RALEIGH, N.C. (AP) — A rarely applied experiment in education enabling companies to host taxpayer-funded charter schools for their employees’ children may be about to spread.
Florida is the only state bringing business-backed charter schools to work sites so far. The first launched in 1999, across the street from the Ryder truck rental company’s headquarters near Miami.
Louisiana and Connecticut laws also encourage these charters. Louisiana’s first school, partly financed by a hospital, is slated to open next year. And now North Carolina lawmakers are weighing a law copied from Louisiana’s.
Charter schools are free public schools, funded with tax dollars corresponding to student enrollment, but they operate independently and are exempt from most state regulations.
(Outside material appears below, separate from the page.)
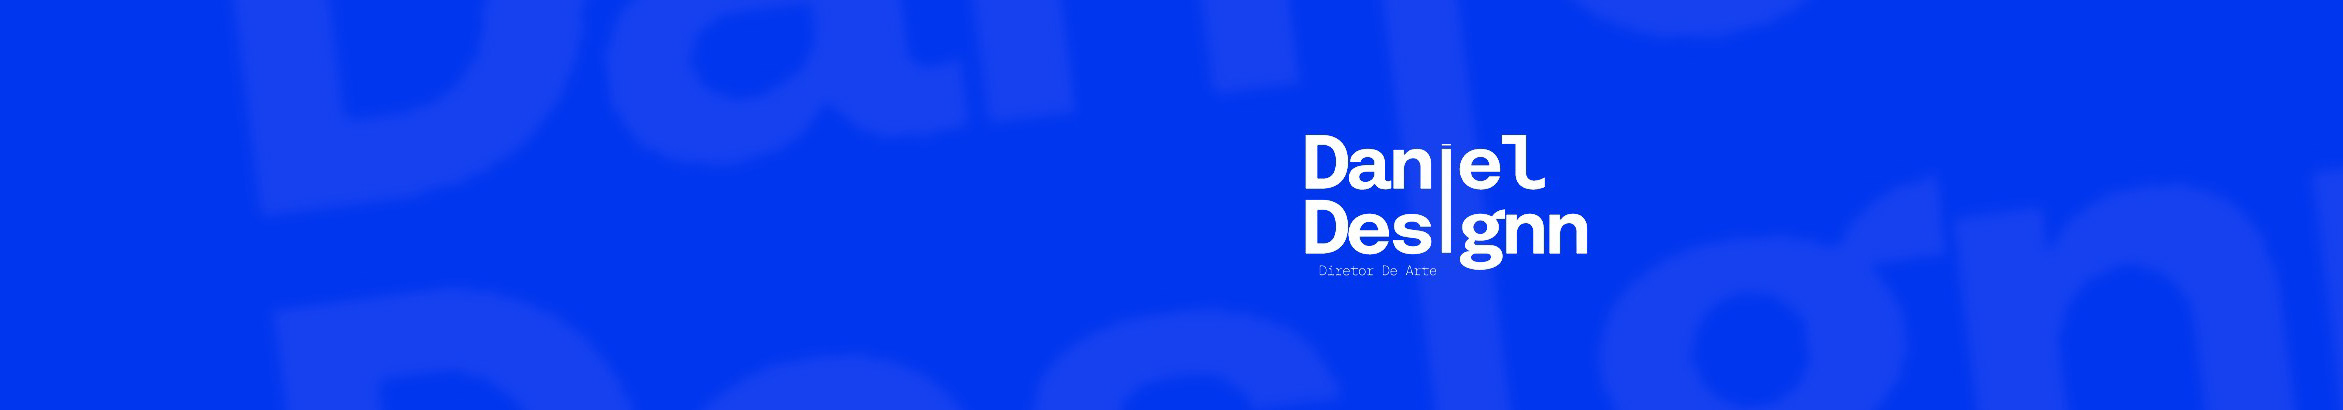 Daniel Designns profilbanner
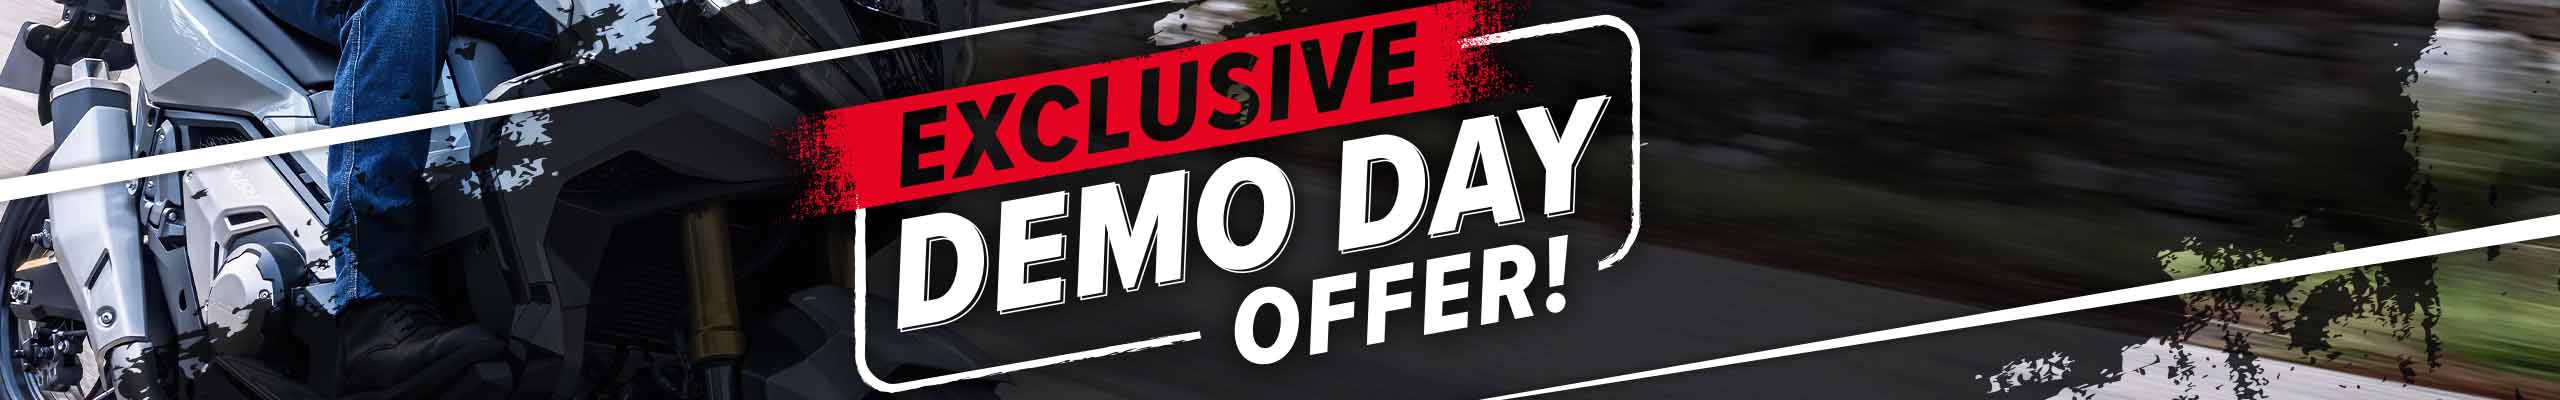 Maidstone Honda Demo Day Offers

Supporters say they encourage classroom innovation by creating competition with traditional public schools; critics say charters drain away resources.
Workplace charter schools have been slow to catch on because they don’t offer clear returns for company investment or benefits to employees who would enroll their children, said Samuel Abrams, director of the National Center for the Study of Privatization in Education at Columbia University.
On-site preschools are embraced by workers because they can drop in during breaks and check on their young children, alleviating worries about the quality of care, Abrams said. But higher grades are less likely to welcome impromptu parental visits, he said, and parents must coordinate their work days with their child’s schedule.
“If you play this out, it’s not that practical,” Abrams said. “Jumping into a car with your kid in the morning to go to a corporate campus where you have a charter school, I don’t think is necessarily what most people want.”
On the other hand, cash-strapped state governments are happy for corporate financial help outfitting schoolhouses, Abrams said, and the for-profit companies that operate about 10 percent of U.S. charter schools would favor expanding their market for contracts.
An education researcher who is one of the few to study workplace charter schools, Richard Seder, said he had thought they’d multiply in states where growth is squeezing classroom space. But that hasn’t happened. His guess: companies want to stay out of the debate over whether charters undercut traditional public education.
“Businesses want to kind of stay neutral in their communities and the general environment,” said Seder, now a consultant in Honolulu.
Ryder ended its charter school relationship after moving to a new headquarters campus in 2005, and this month, JFK Medical Center in Lake Worth, Florida, is ending its affiliation with a charter school it helped found and then backed for 15 years.
“When we entered into this partnership, there were not many charter schools in Palm Beach County and this partnership allowed for an additional choice for JFK employees,” hospital spokeswoman Lisa Gardi wrote in an email. But she said the school no longer aligns with the hospital’s core mission of delivering health care.
The JFK-affiliated school’s classrooms initially were heavily populated with the children of the hospital’s doctors, nurses and other professional staff, said principal Sharon Hench. But she said the hospital employees’ interest declined as other charter schools opened in the area and the JFK-affiliated enrollment fell to about a third, many of them children of the hospital’s blue-collar workers. Locals now fill the rest, Hench said.
That leaves just one workplace charter school in Florida: It serves the children of employees of The Villages, a retirement community in central Florida that is a small city unto itself. The pre-school through high school operation enrolls more than 3,100 students.
Other states are moving forward with the idea, even as Florida retreats.
The Woman’s Hospital in Baton Rouge, Louisiana, just landed school board permission to open a workplace charter next year, with the right to reserve half the seats for its employees’ children. But this decision is more about real estate strategy than employee benefits: A school is key to the hospital’s plans to develop a community on about 200 acres it owns around its five-year-old medical campus.
“A school was always a part of that, and a charter school just happened to be how it looks like that school need is going to get met,” said Stan Shelton, the hospital’s vice president for planning and construction. “I really can’t imagine that we’ll have enough of our employees that are at the right stage of their life, their kids are the right ages, and the fit is appropriate for us to account for 50 percent of the enrollment.”
The North Carolina legislation, modeled on Louisiana’s, would allow corporations to reserve half the seats in taxpayer-funded charter schools they help build or equip. Since existing rules allow a charter school’s employees and board members to claim places for their children, the general public could be left to about one in three seats.
Like many other states, North Carolina doesn’t allow taxpayer money to be used to provide the start-ups with a schoolhouse, limiting charter expansion. Stepping in with construction help have been funds assembled by hedge funds, tennis legend Andre Agassi and Microsoft founder Bill Gates’ foundation. Some states, including Louisiana and Florida, have public entities that issue tax-free bonds and loan construction money to charter-school companies.
Supporters like North Carolina state Rep. John Bradford, a suburban Charlotte Republican who sponsored legislation that passed the House in April, also think workplace charters could draw jobs to areas that otherwise don’t have well-regarded schools.
No companies have yet expressed interest in getting a North Carolina charter school off the ground for their workers, Bradford said, but he remains optimistic.
“This could be an economic development tool,” said Bradford, whose children attend and wife works at charter schools.